DO MUSLIM STUDENTS HAVE TO PARTICIPATE IN PHYSICAL EDUCATION CLASS?

Summarized: As with the previous question, participation in all lessons, including physical education, is one of the obligations of a student. Students must always take part in physical education, even if it is not separated by gender. An exemption from lessons can only be considered in rare exceptional cases.

Admission to a public school establishes a relationship under public law, from which rights and obligations arise for the students.1 Participation in Physical Education at school is one of these obligations.2 An exemption from this obligation to participate in P.E. doesn’t have much chance of success in light of the case law of the Federal Constitutional Court3 regarding exemptions from swimming classes.4   

Similar considerations as in the case of swimming lessons come into play here. Mixed sports lessons and participation in them can, in principle, cause Muslim students religious distress. For example, there are those who consider it a religious, binding commandment to cover their bodies as much as possible in relation to the opposite sex and to avoid any contact with them.

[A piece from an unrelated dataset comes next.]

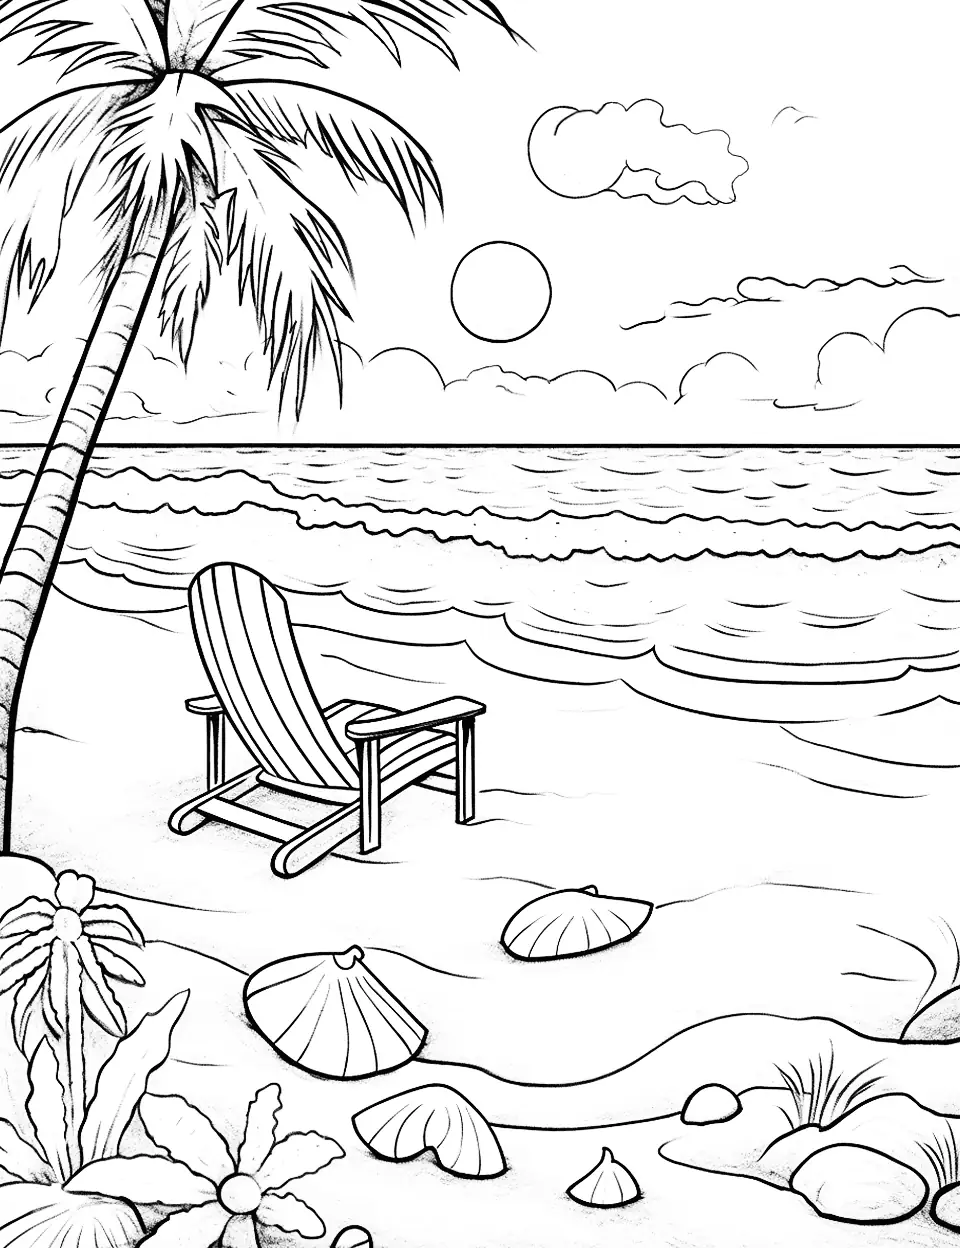 Tropical Beach Paradise Summer Coloring Page - A detailed picture of a tropical beach with palm trees, seashells, and starfish.

The religious freedom of Muslim students from Article 4 of the Basic Law can therefore come into conflict with the state's educational mandate from Article 7 of the same. The latter also has constitutional status and is thus of equal importance to freedom of religion.5 The state's educational mandate confers powers on the state to plan, organize, manage and shape the content and didactics of the school system, its training courses and the teaching provided there. This includes the power to determine the content of instruction and to decide on modalities such as whether or not classes should be mixed. To be able to do justice to both positions, the possibility of an exemption was created, which can only be made use of in the rarest of cases.6  

In light of the case law of the Federal Administrative Court, according to which a Muslim student can wear a full-body costume (the ‘burkini’), as a compromise during swimming lessons (see: here),7 it can be assumed that the same applies to P.E. lessons by wearing modest sportswear (similar to the burkini). 

Other reasons that may justifiably prevent participation in class, such as illness, remain untouched from any of the other reasons discussed above. For example, the Higher Administrative Court of North Rhine-Westphalia ruled that a Muslim pupil did not have to participate in a school trip due to illness because her fear of not being able to fulfil her religious obligations during the school trip would have placed her in a comparable situation to a partially mentally disabled person.8


1 see Section 69 (1) of the Hesse School Act as an example. 

Again see Section 69 (4) 1 of the Hesse School Act.

Federal Constitutional Court, case from 11.09.2013, 6 25.12, margin 21. 

Federal Constitutional Court, case from 25.08.1993, 6 C 8/91.

Federal Constitutional Court, case from 11.09.2013, 6 25.12, margin 11. 

See above.

See above, margin 21.

Higher Administrative Court of North Rhine-Westphalia, decision from 17.01.2002, 19 B 99/02, margin 7.